Outbreaks of pathogenic diseases in Sierra Leone used to follow a pattern. Laboratorians would valiantly pivot to address each crisis, but the public health system didn’t have the capacity to address all of the diseases at once or perform sufficient surveillance to nip outbreaks in the bud.
The Ministry of Health saw the need to improve the entire system and asked longtime partner APHL to help. The results are effective system-building efforts, including a sustainable workforce training model that invested in people and has changed the public health paradigm.
The guiding vision is creation of a network on the US model, with 14 distinct labs including regional ones and a leadership pipeline that connects clinical and teaching laboratories. This vision is at the heart of APHL’s collaboration with the Ministry of Health, CDC and multiple international organizations, including the African Society for Laboratory Medicine — and points the way to a healthier future for Sierra Leone.
From Reactive to Proactive
Until now, public health laboratory services played an essential reactive role in tackling disease threats:
- During the Ebola virus outbreak, broad reach and fast turnaround in testing helped make the difference in containing the devastation; APHL helped coordinate the work of 16 international partners in this effort.
- The long-running battle with HIV/AIDS has turned a corner thanks to increased capacity in testing, a result of seven years of Ministry of Health/APHL collaboration on PEPFAR projects. Notable advances include maternal/child testing, where women need immediate and convenient services, and tracking viral loads, which helps reduce transmission risk.
- Ongoing challenges such as tuberculosis, cholera, dengue and influenza are also significant.
Sierra Leone’s Ministry of Health developed with APHL assistance a National Public Health Laboratory Strategic Plan and National Surveillance Strategic Plan. From here, the partners are taking a proactive approach: creating a new culture where public health laboratories and resilient laboratory networks are integral to the health system.
People at the Core
The new culture is appealing to medical school graduates, who may not have seen laboratory leadership as a possible career track. By improving training at all levels and increasing professional standards and opportunities, APHL is helping Sierra Leone not only fill in the gaps in the health system but also dramatically change its effectiveness.
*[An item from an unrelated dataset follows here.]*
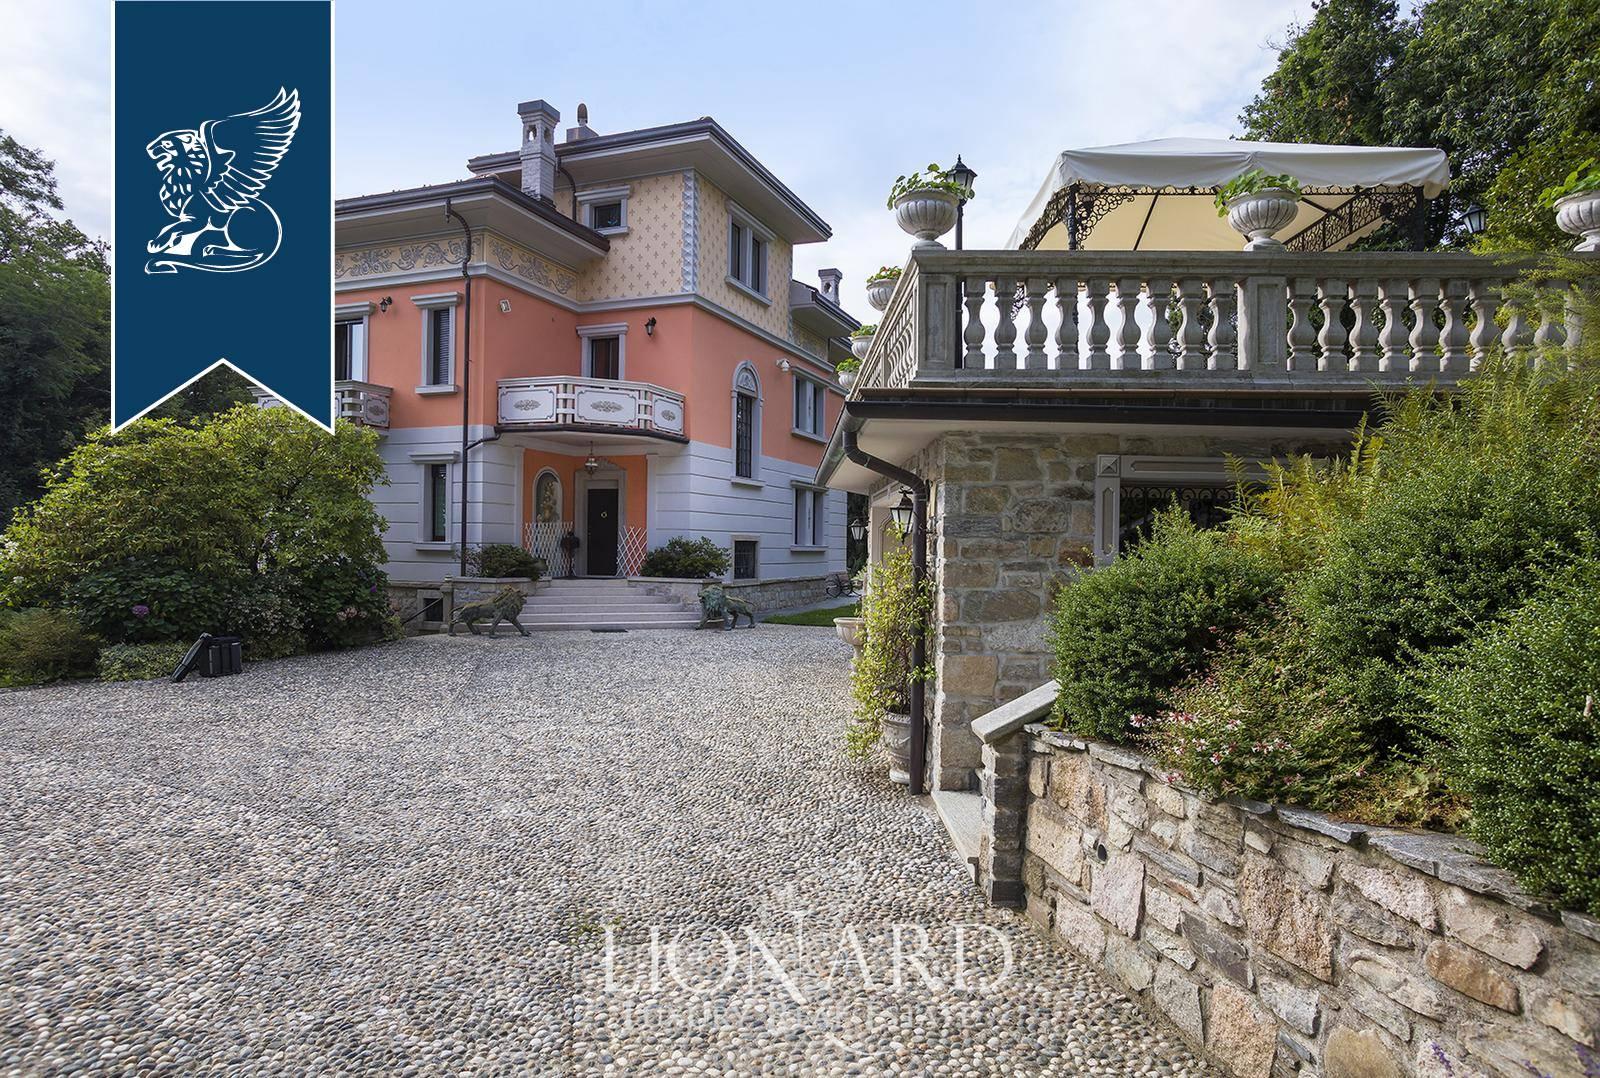 Villa in Vendita a Gignese: 0 locali, 600 mq - Foto 8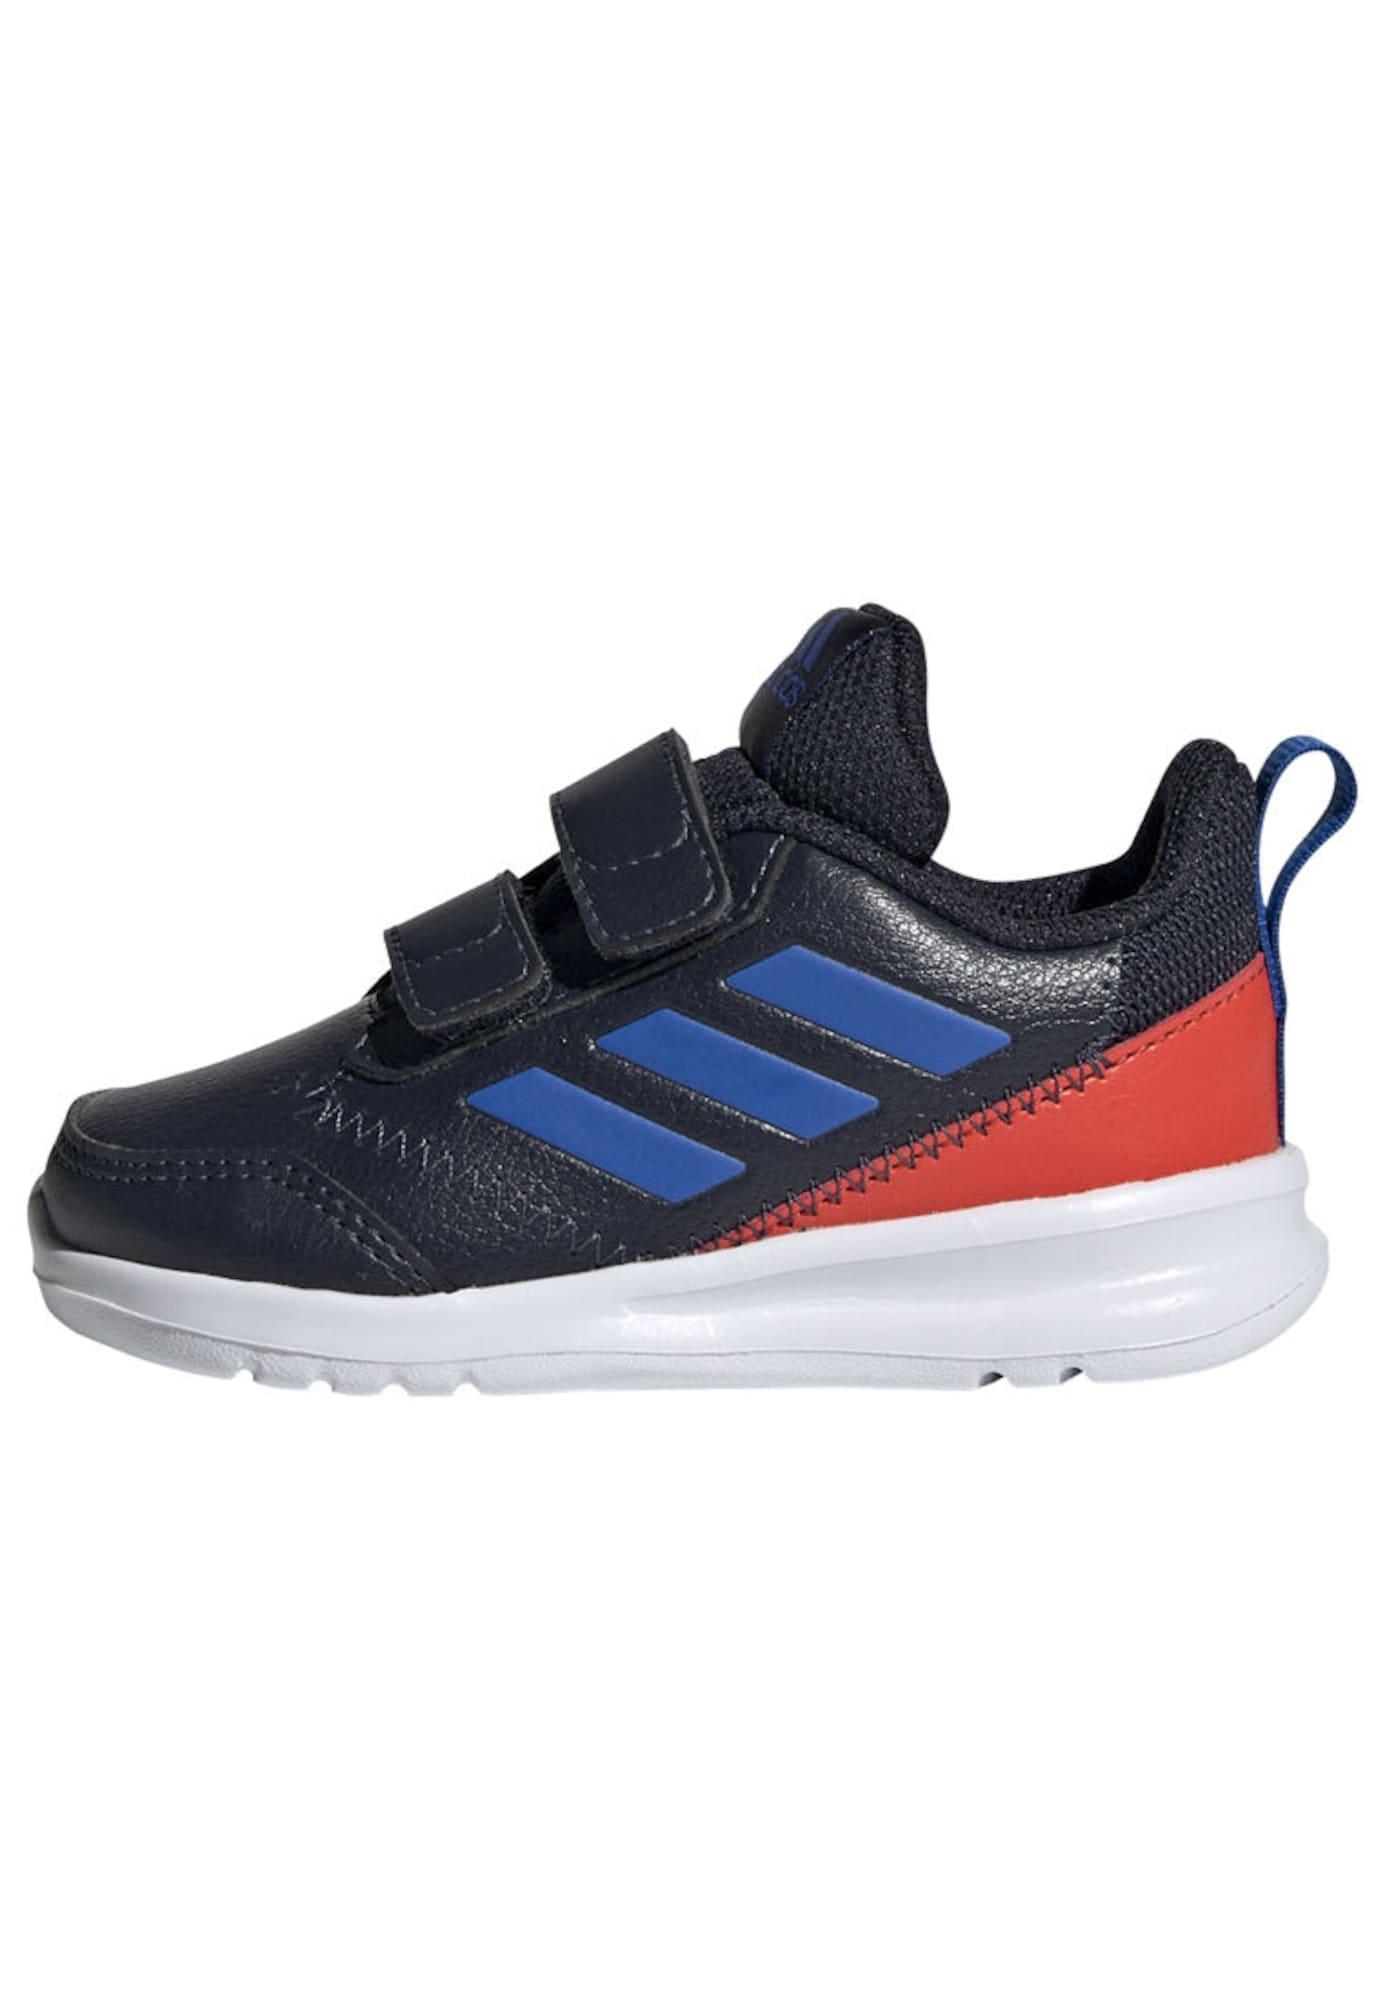 Sportovní boty AltaRun modrá námořnická modř červená ADIDAS PERFORMANCE

This opportunity for transformation is one reason APHL consultant Isatta Wurie, PhD, returned to her native Sierra Leone after years of public health training and teaching abroad. She sees that strengthening the laboratory system means building on the foundation of skilled people.
A Glimpse of the Future
An early success story rising from this new emphasis is that of the mobile, 12-member Rapid Response Team, which has become integral to the nation’s early-detection system and addressing outbreaks of any kind.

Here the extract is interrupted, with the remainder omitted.